§ **Task prompt**
Where the line containing "Subscribe to M+" appears below, begin there and reproduce each line exactly through the last one, omitting pictures.

§ **Information supplied**
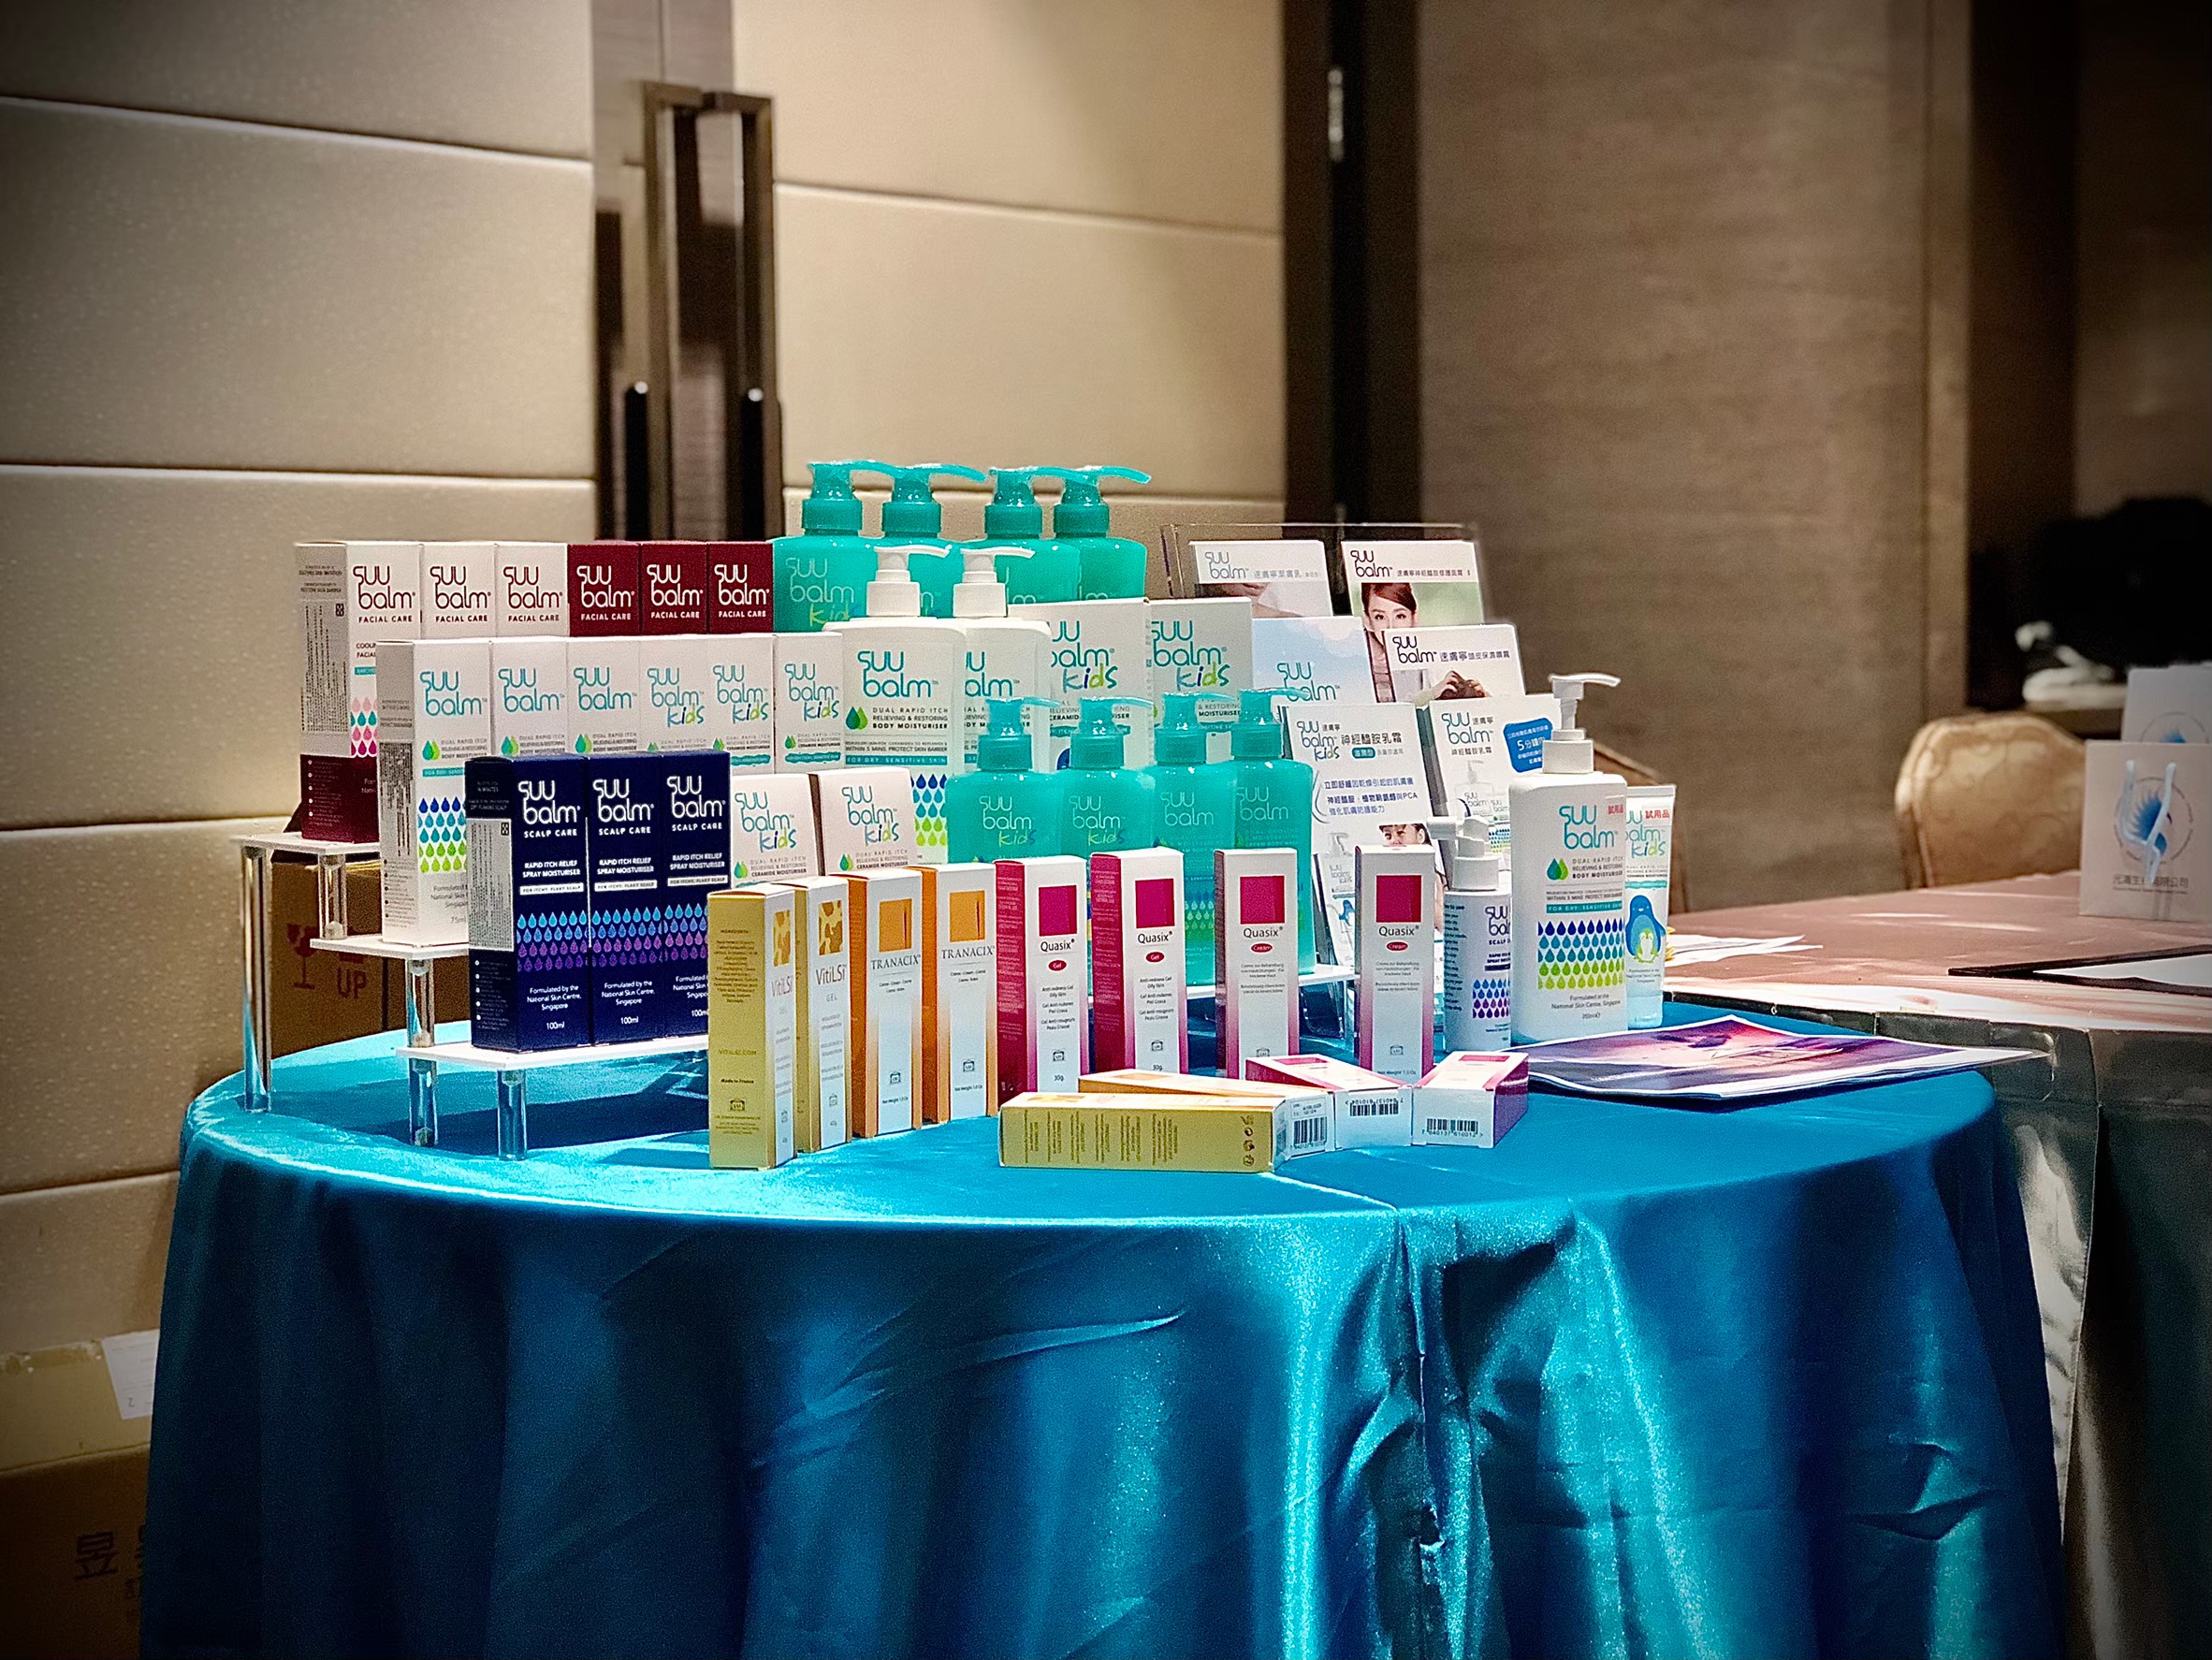 Over 130 Dermatologists attended our New Era of Atopic Dermatitis Treatment Symposium in Taichung city on July 5th, 2020
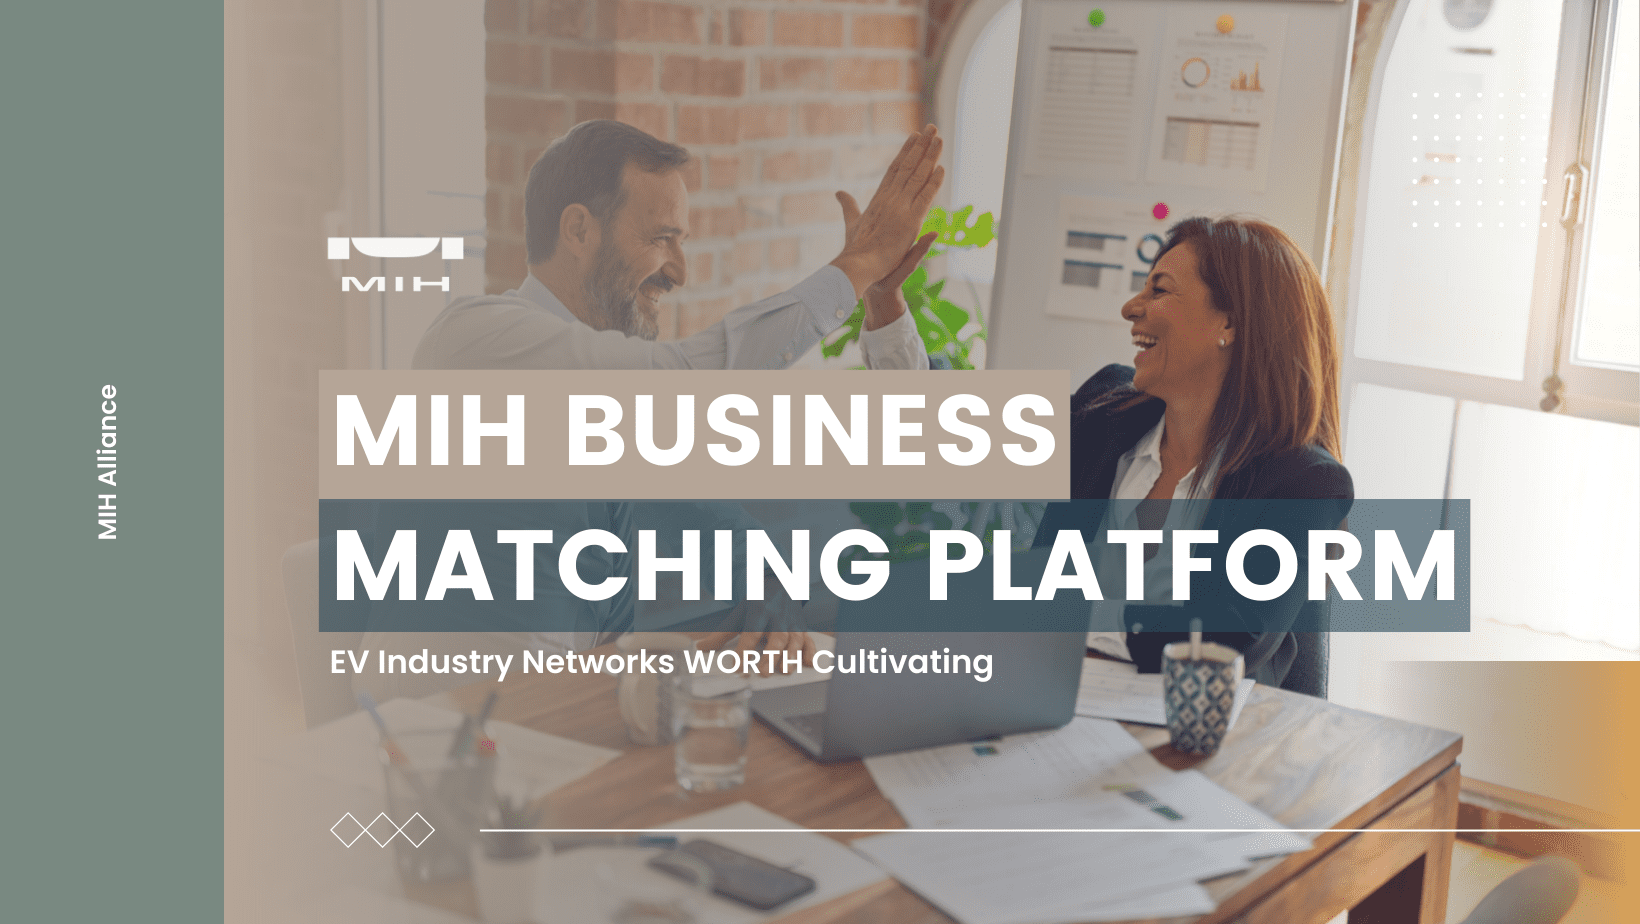 Subscribe to M+ Service and enjoy benefits from MIH Business Matching Platform!
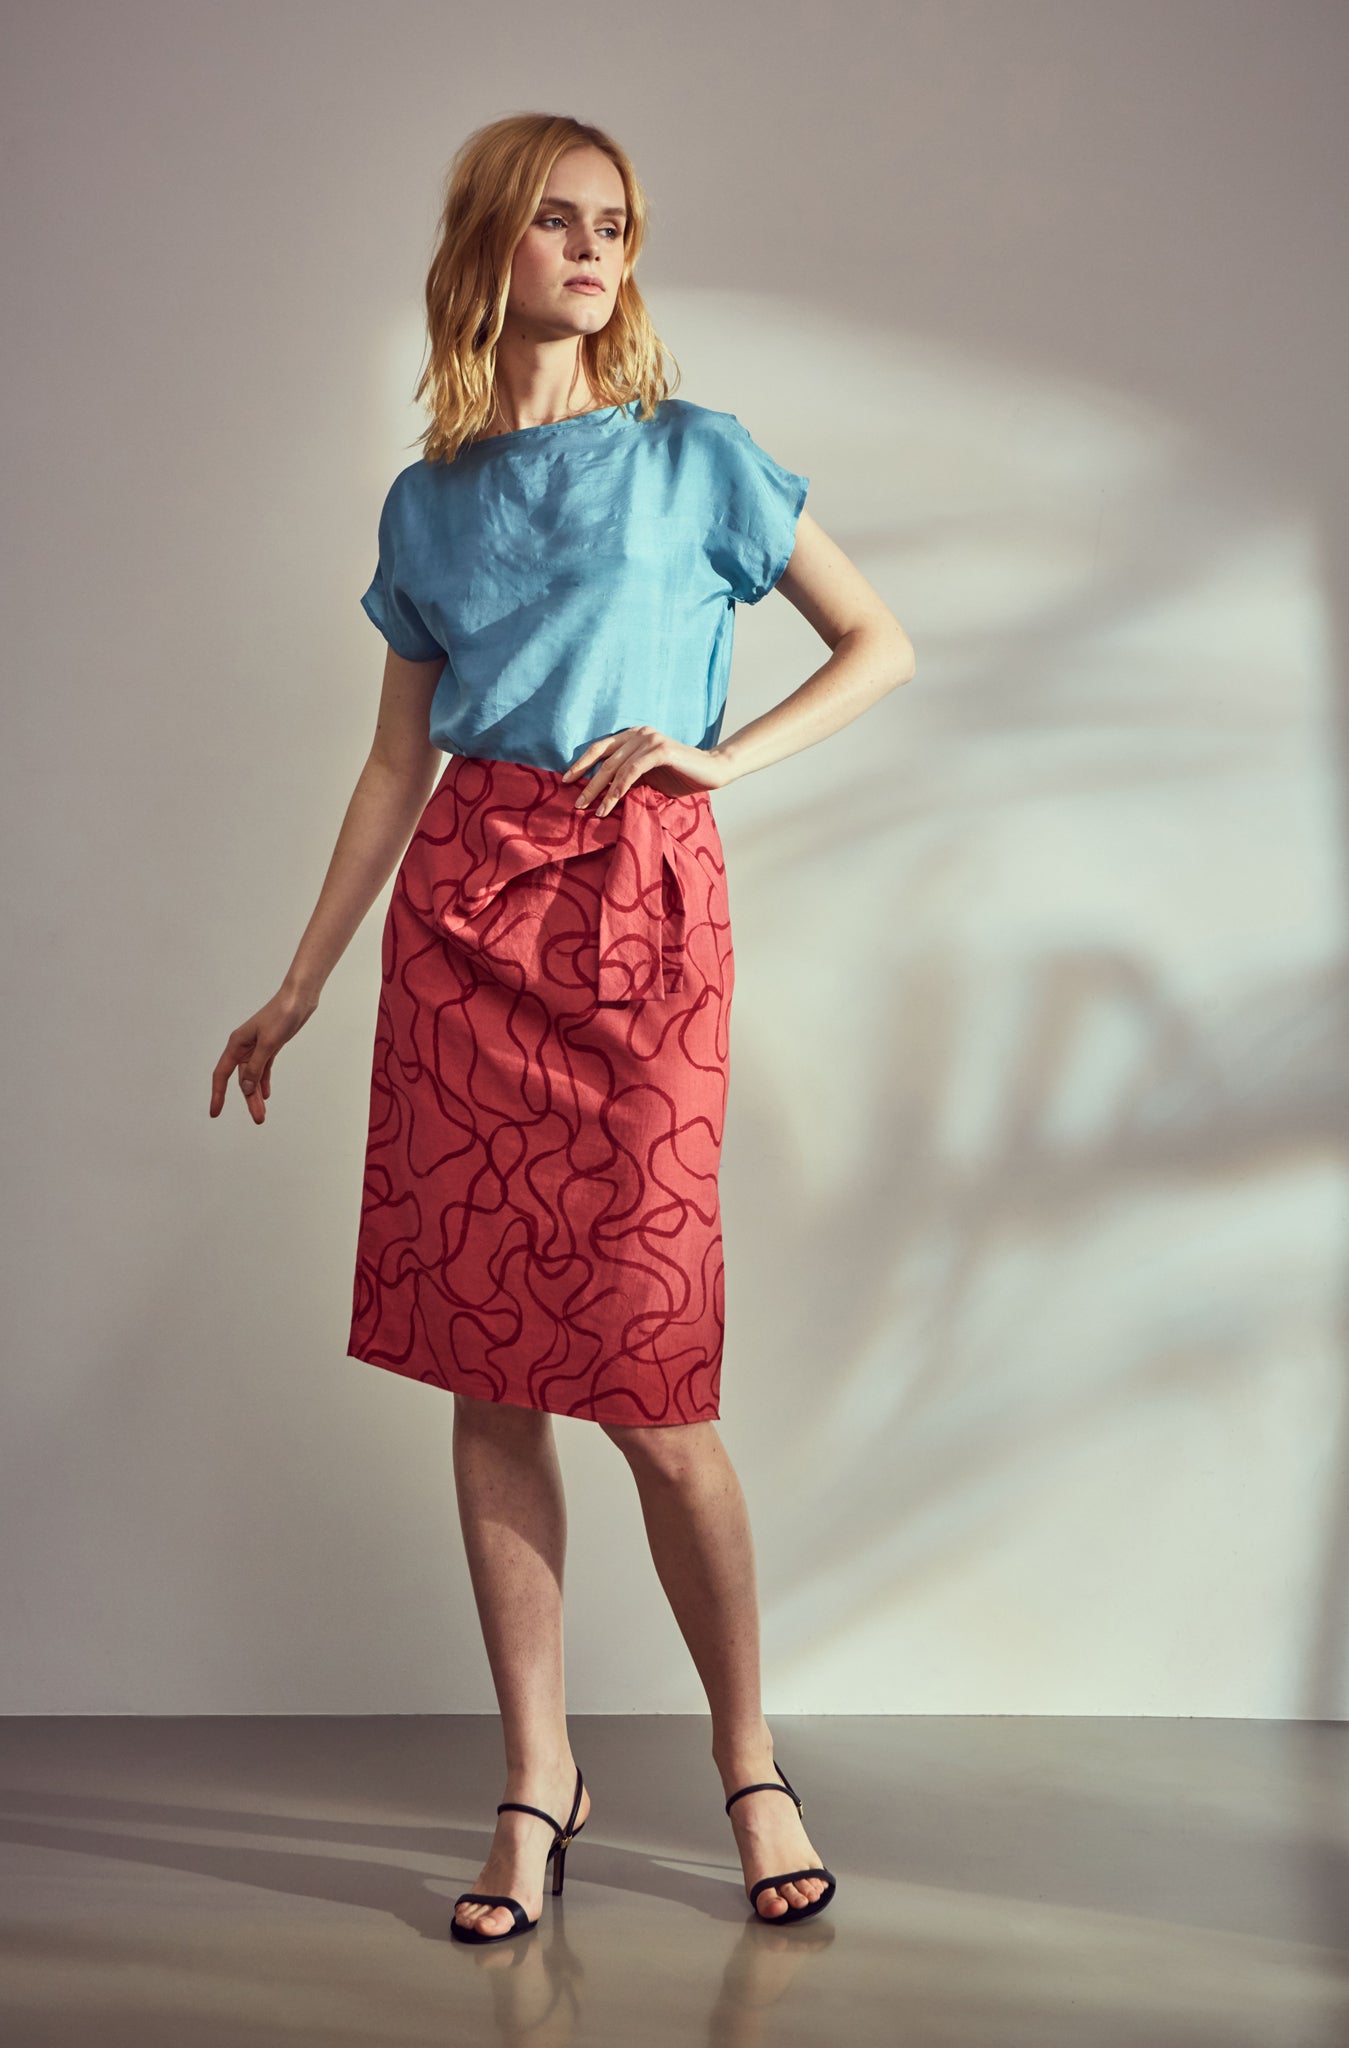 Hand woven cotton skirt, hand printed khadi cotton, made by hand. Sustainable luxury brand Robe de Voyage brings you affordable luxury that supports rural communities of women in India by supporting local crafts and traditions.

§ **Your solution**
 Subscribe to M+ Service and enjoy benefits from MIH Business Matching Platform!
 Hand woven cotton skirt, hand printed khadi cotton, made by hand. Sustainable luxury brand Robe de Voyage brings you affordable luxury that supports rural communities of women in India by supporting local crafts and traditions.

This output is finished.